Na abertura da audiência, o presidente do Tribunal, conselheiro Cezar Miola, falou sobre a importância do debate e da troca de conhecimentos para o avanço na área da Segurança Pública. Para ele, o tema possui a vocação da complexidade e da urgência, pois trata dos dois bens mais preciosos que se pode conceber: a vida e a liberdade. “Os Tribunais de Contas possuem a prerrogativa de avaliar a qualidade do gasto público. Isto significa que temos a responsabilidade de medir a efetividade das políticas públicas, no sentido de oferecer aos gestores uma contribuição técnica fundamental. Temos feito isto em áreas centrais como a mobilidade urbana, a educação infantil e a saúde. Esta Audiência assinala nossa disposição de fazermos o mesmo também no que diz respeito à segurança pública”, pontuou.
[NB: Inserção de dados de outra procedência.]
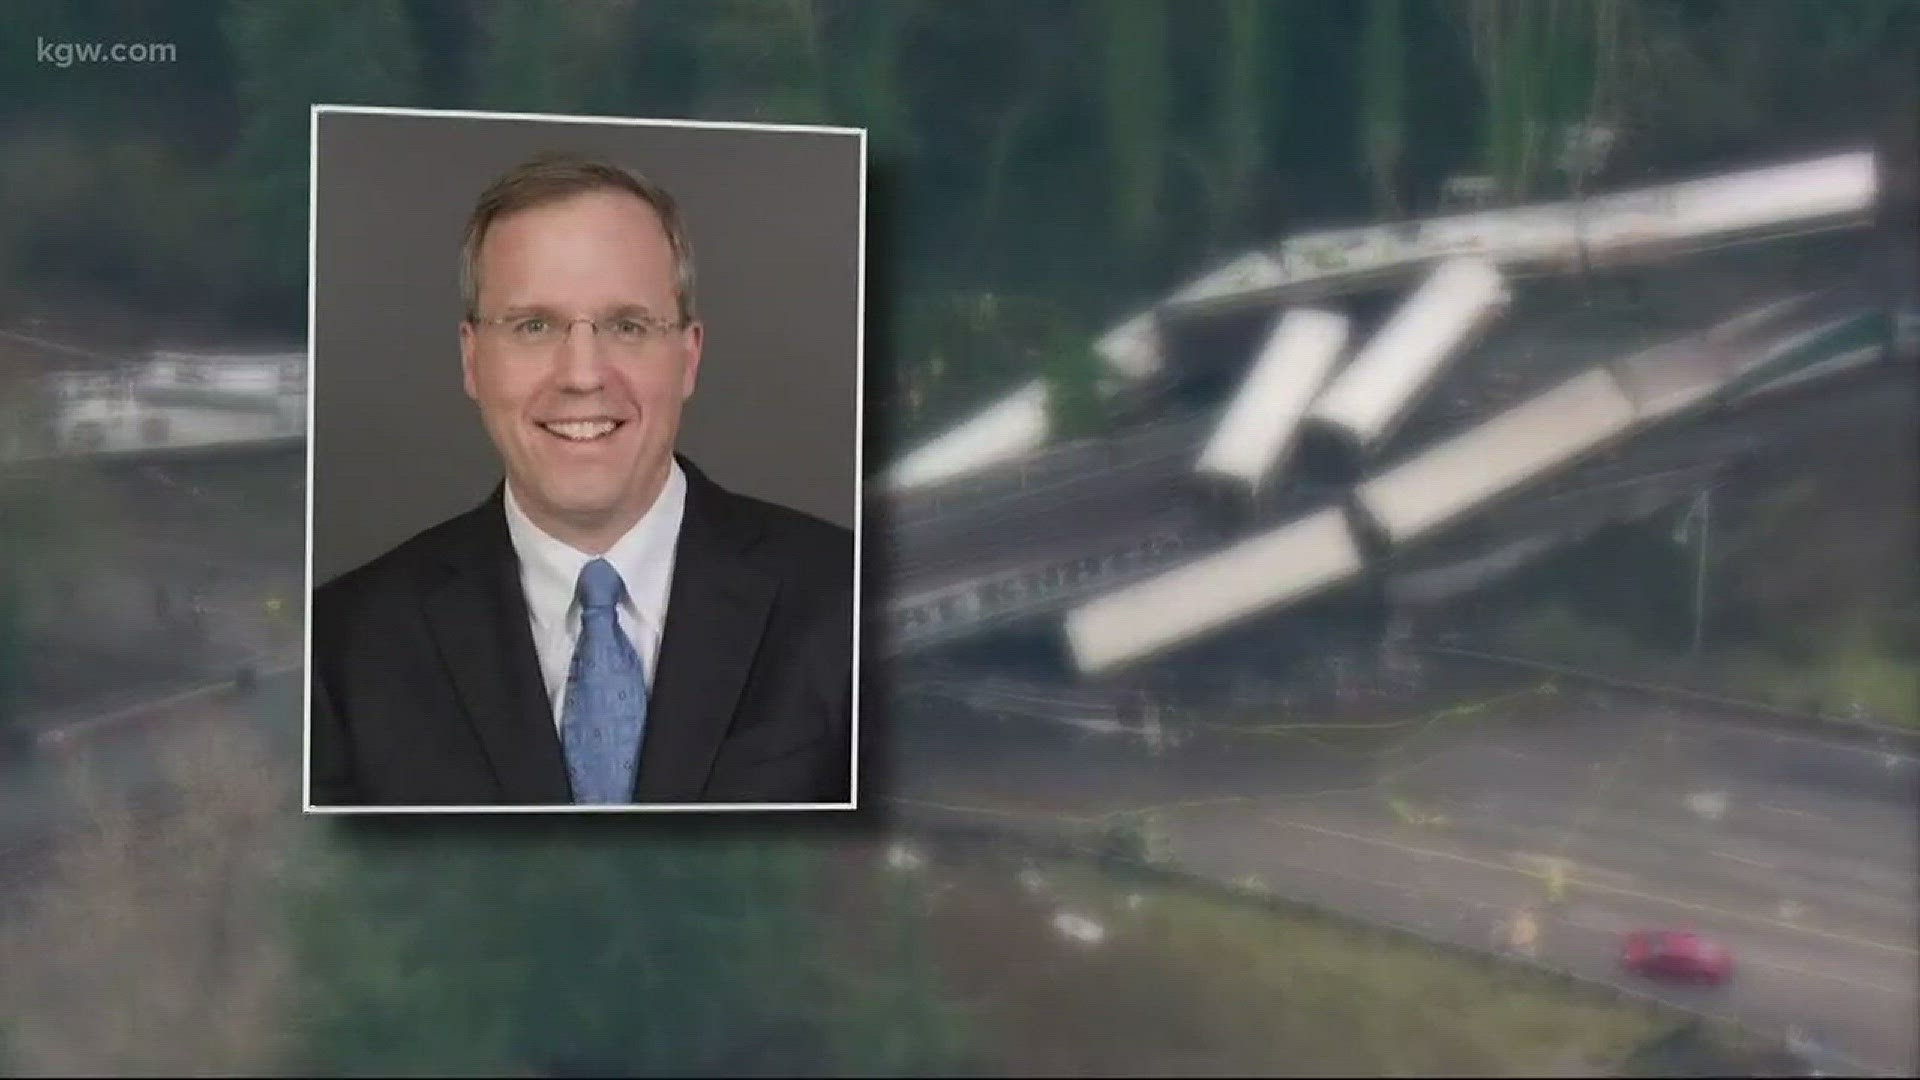 Doctor Nathan Selden, a neurosurgeon at OHSU, helped treat commuters who survived the Amtrak derailment
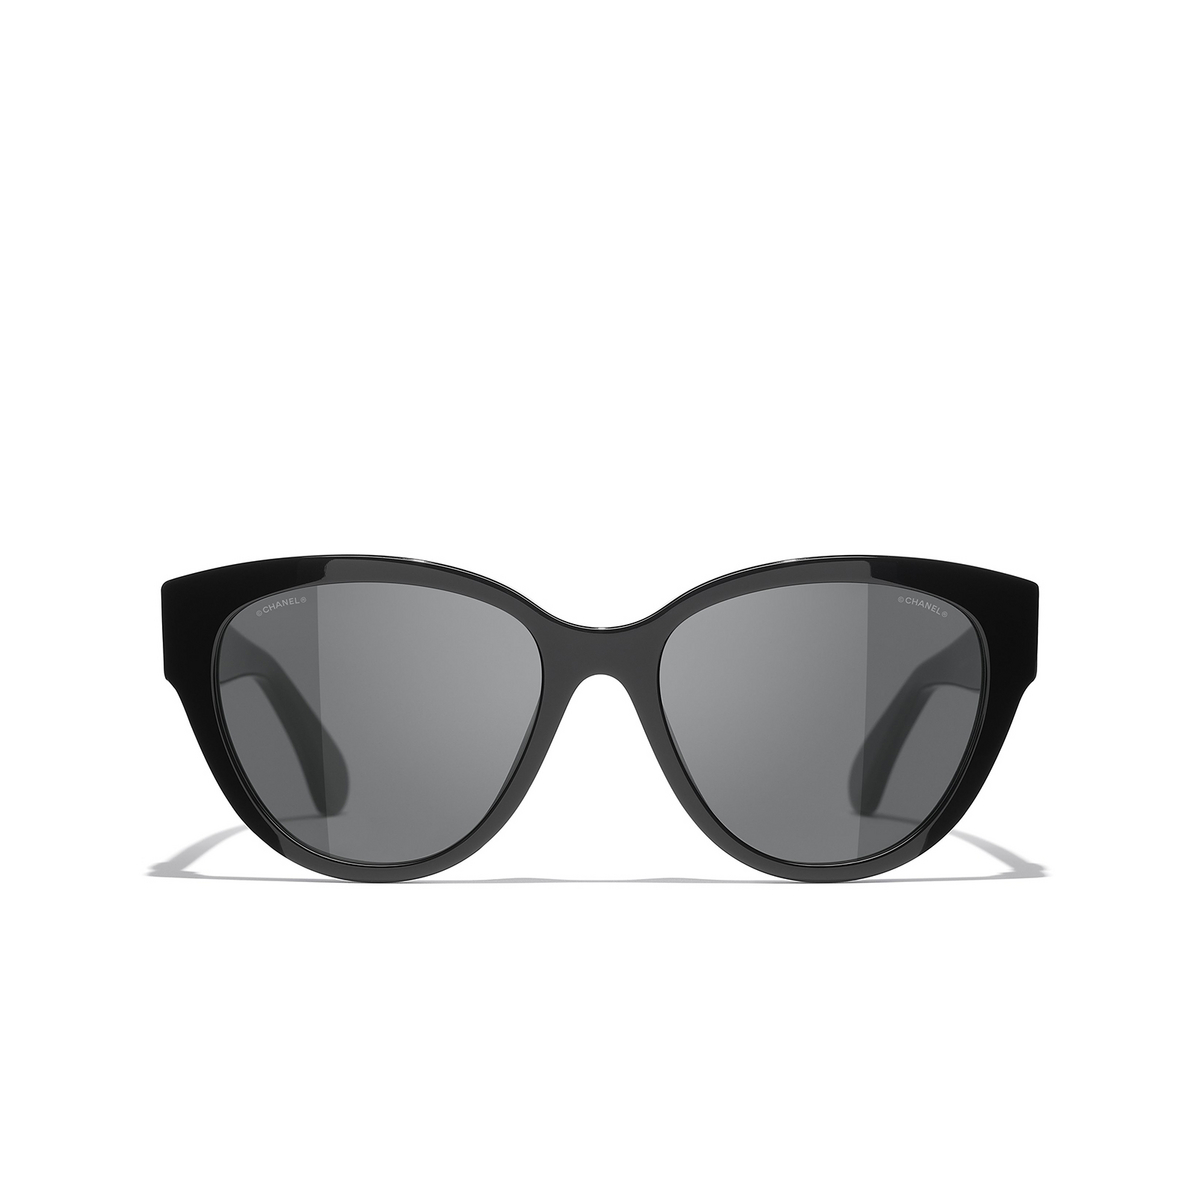 CHANEL butterfly Sunglasses C501S4 Black - front view

No primeiro painel, o ex-secretário Nacional de Segurança Luiz Eduardo Soares abordou centralmente as disfuncionalidades do modelo de polícia no Brasil. Soares chamou a atenção para o fato de que nossas polícias, ao contrário do que ocorre em todo o mundo, não possuem o chamado “ciclo completo”, nem contam com carreiras únicas.  Ele explicou que o ciclo completo envolve o mandato policial moderno que significa patrulhamento, prevenção, investigação e repressão qualificada. No Brasil, estas funções, exercidas em conjunto por todas as polícias modernas, foram divididas nos estados entre instituições policiais diferentes.  “A bipartição do ciclo de policiamento diminui a eficiência das instituições e estimula um clima de hostilidade entre elas; a ausência de carreiras únicas em cada polícia, por seu turno, as segmenta novamente, enfraquecendo-as e estimulando a evasão dos policiais”. Para ele, ninguém está satisfeito com este modelo, a começar pelos policiais que almejam mudanças estruturais. Neste caso, as dificuldades são expressivas também pela opção equivocada de termos inserido o modelo de polícia no artigo 144 da Constituição Federal. “O que significa que reformas básicas no modelo são dependentes de emendas constitucionais como a PEC 51, que estabelece, entre outras mudanças, margem real para os estados definirem o perfil das polícias que necessitam, fixando princípios gerais como o ciclo completo, as carreiras únicas nas instituições e a desmilitarização”, assinalou. Luiz Eduardo Soares destacou que, diante das limitações de gestão na área, um protagonismo dos Tribunais de Contas na avaliação das políticas de segurança poderá assinalar uma revolução, razão pela qual entende que a iniciativa do TCE-RS tem um sentido histórico.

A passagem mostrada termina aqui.